Data section ::

▬▬▬▬▬▬▬▬▬▬

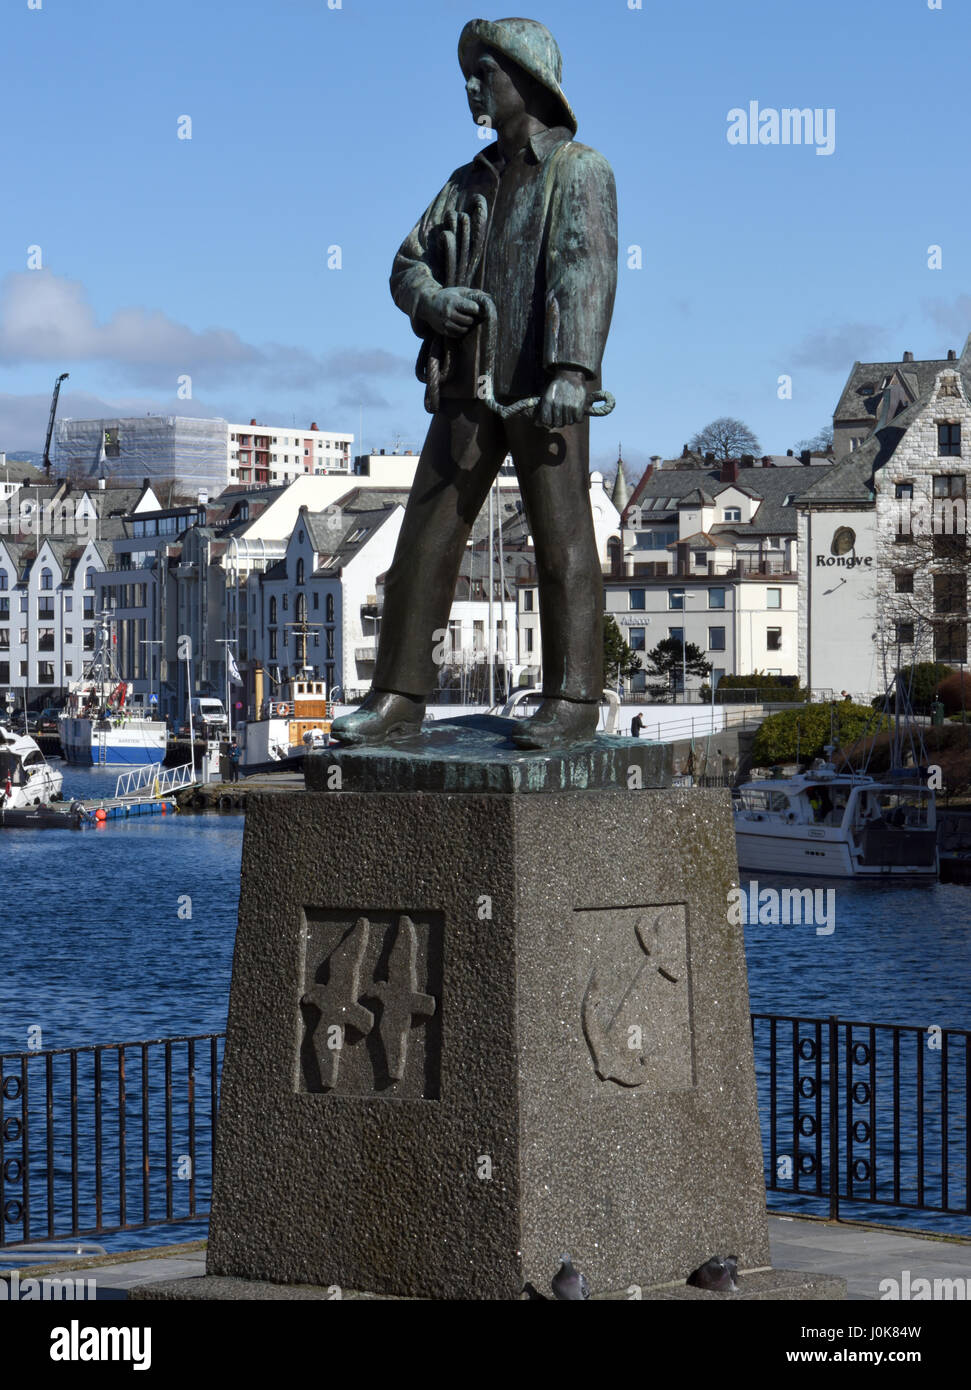 A statue on the waterfront of the harbour at  Alesund. The statue represents a young fisherman: Skårungen, the fisher boy    Ålesund, Møre og Romsdal, Stock Photo
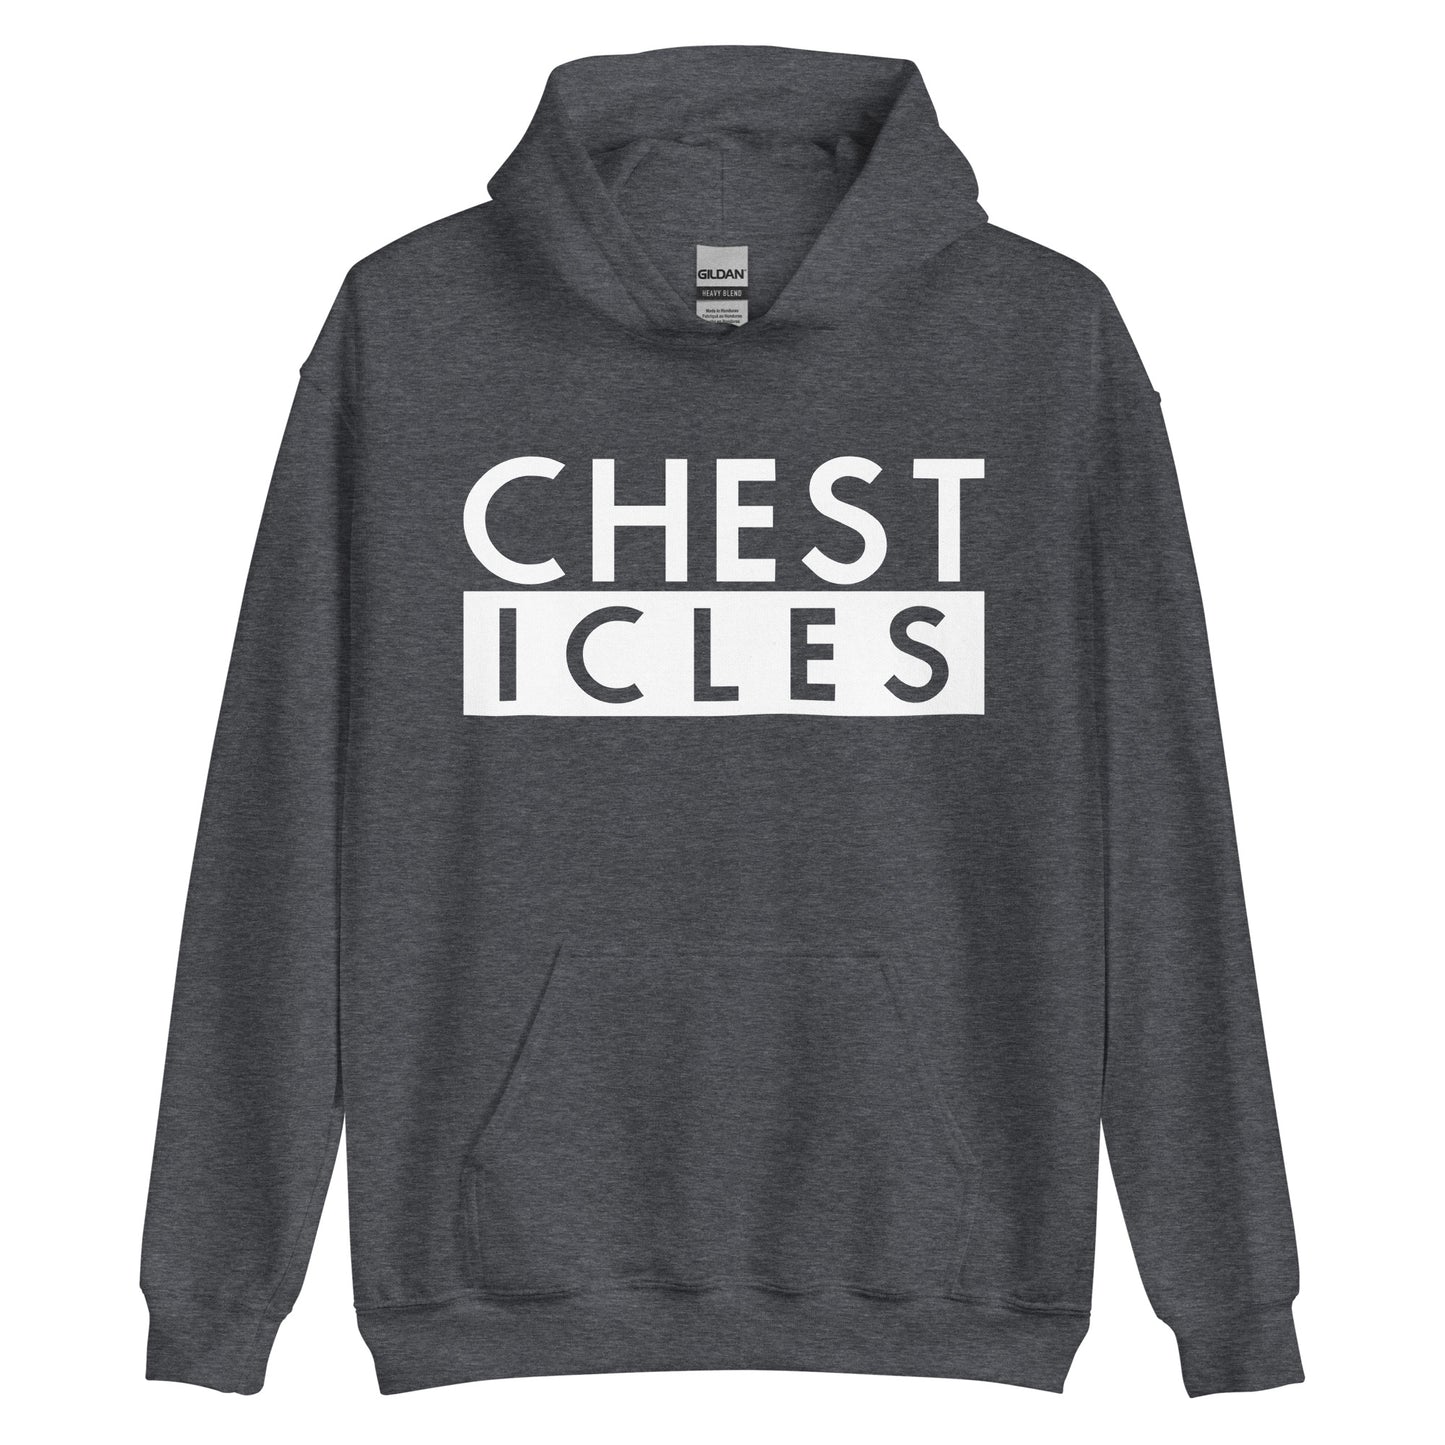 Chesticles Hoodie
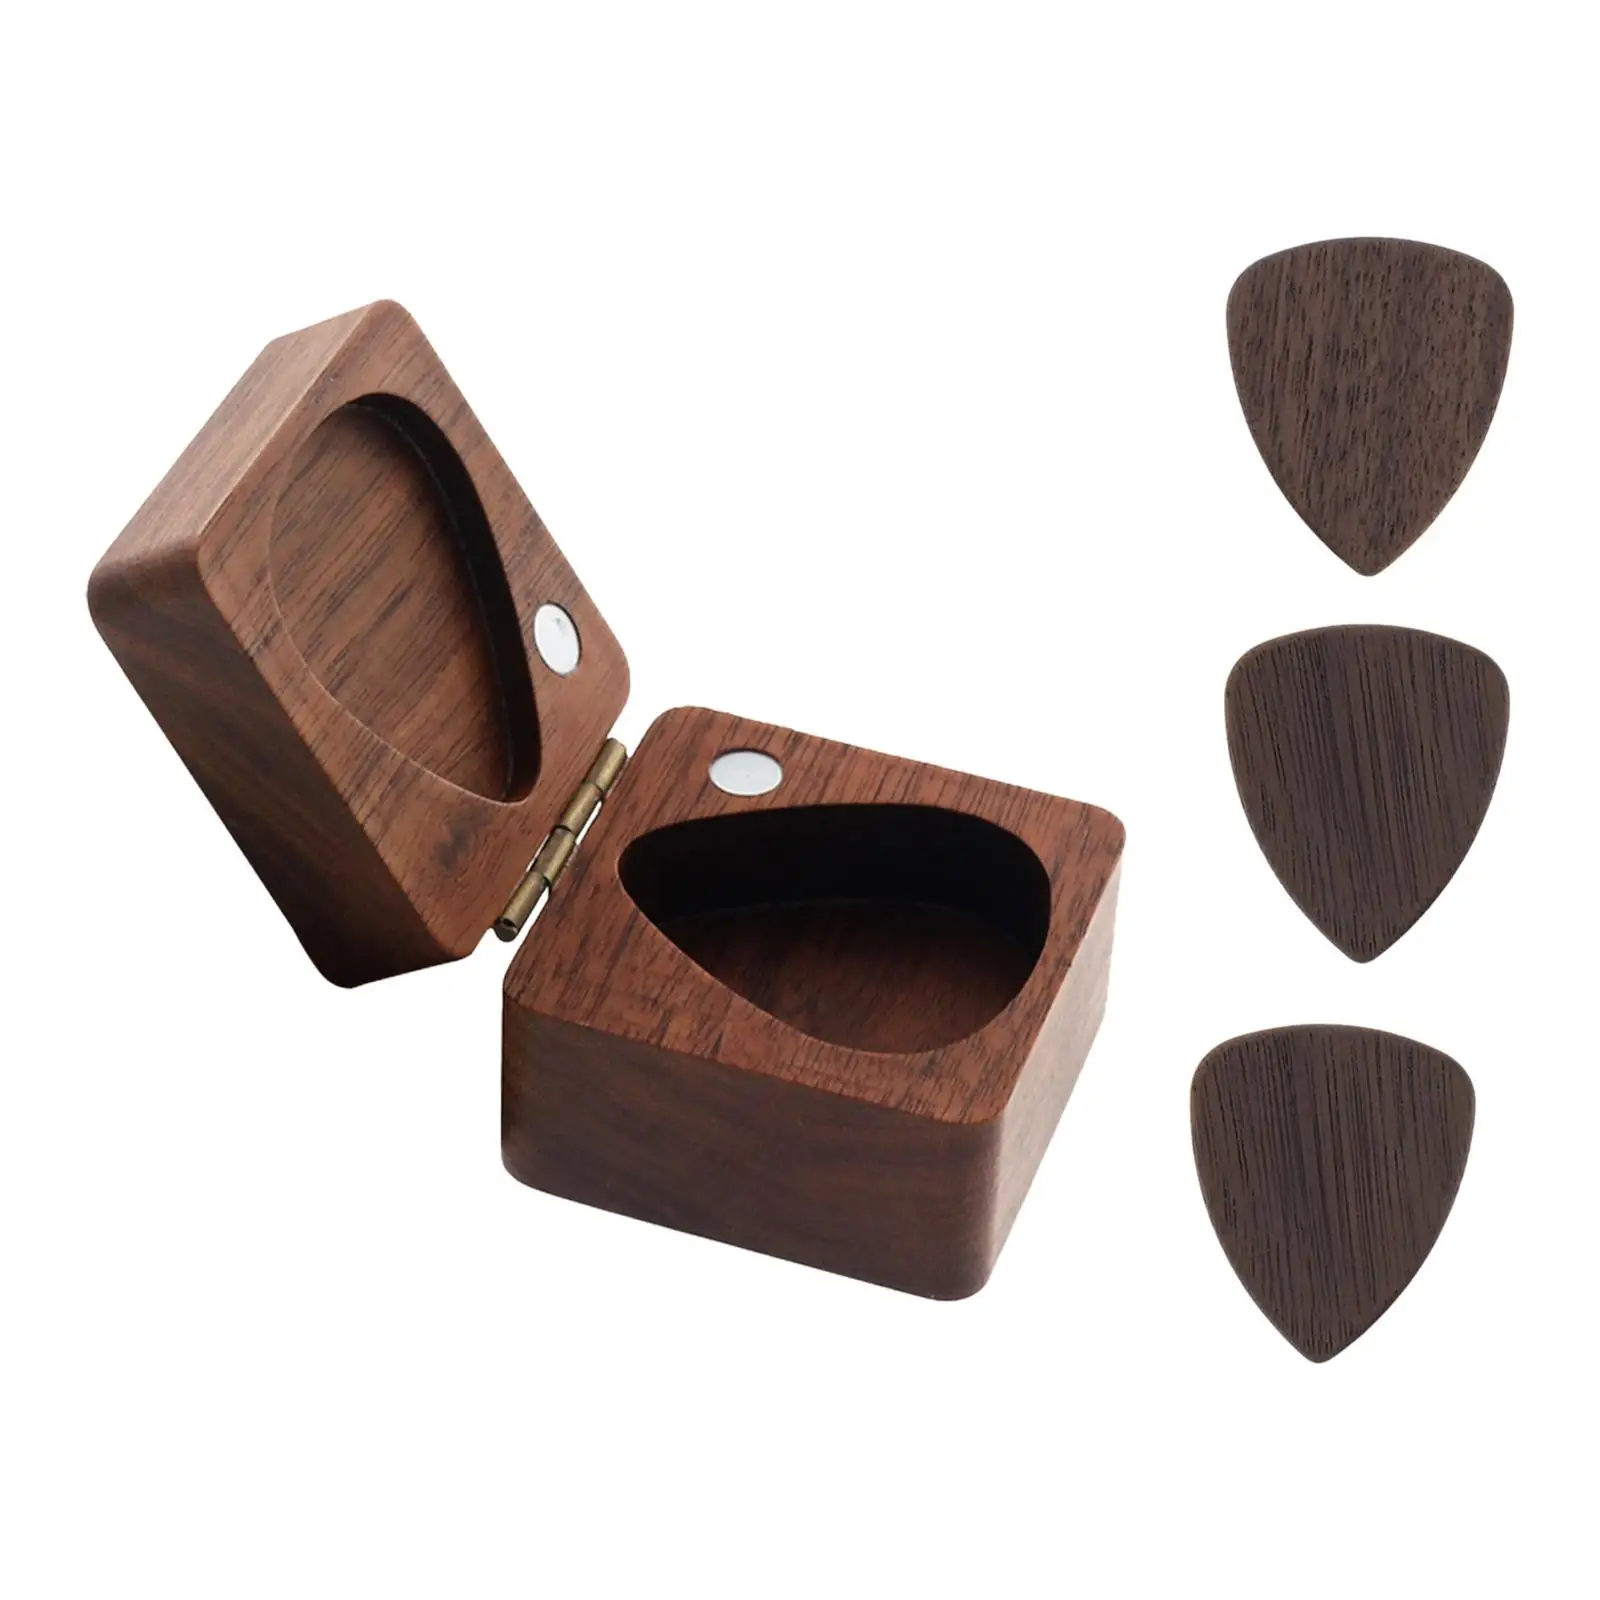 Wooden Guitar Picks Case Collections Durable Handmade with 3 Guitar Picks for Guitarist Musician Gift Guitar Pick Holder

▬▬▬▬▬▬▬▬▬▬

What the task requires :: Your task is an exact transcription of all the data, minus the pictures.

Result for this task ::
 A statue on the waterfront of the harbour at  Alesund. The statue represents a young fisherman: Skårungen, the fisher boy    Ålesund, Møre og Romsdal, Stock Photo
 Chesticles Hoodie
 Wooden Guitar Picks Case Collections Durable Handmade with 3 Guitar Picks for Guitarist Musician Gift Guitar Pick Holder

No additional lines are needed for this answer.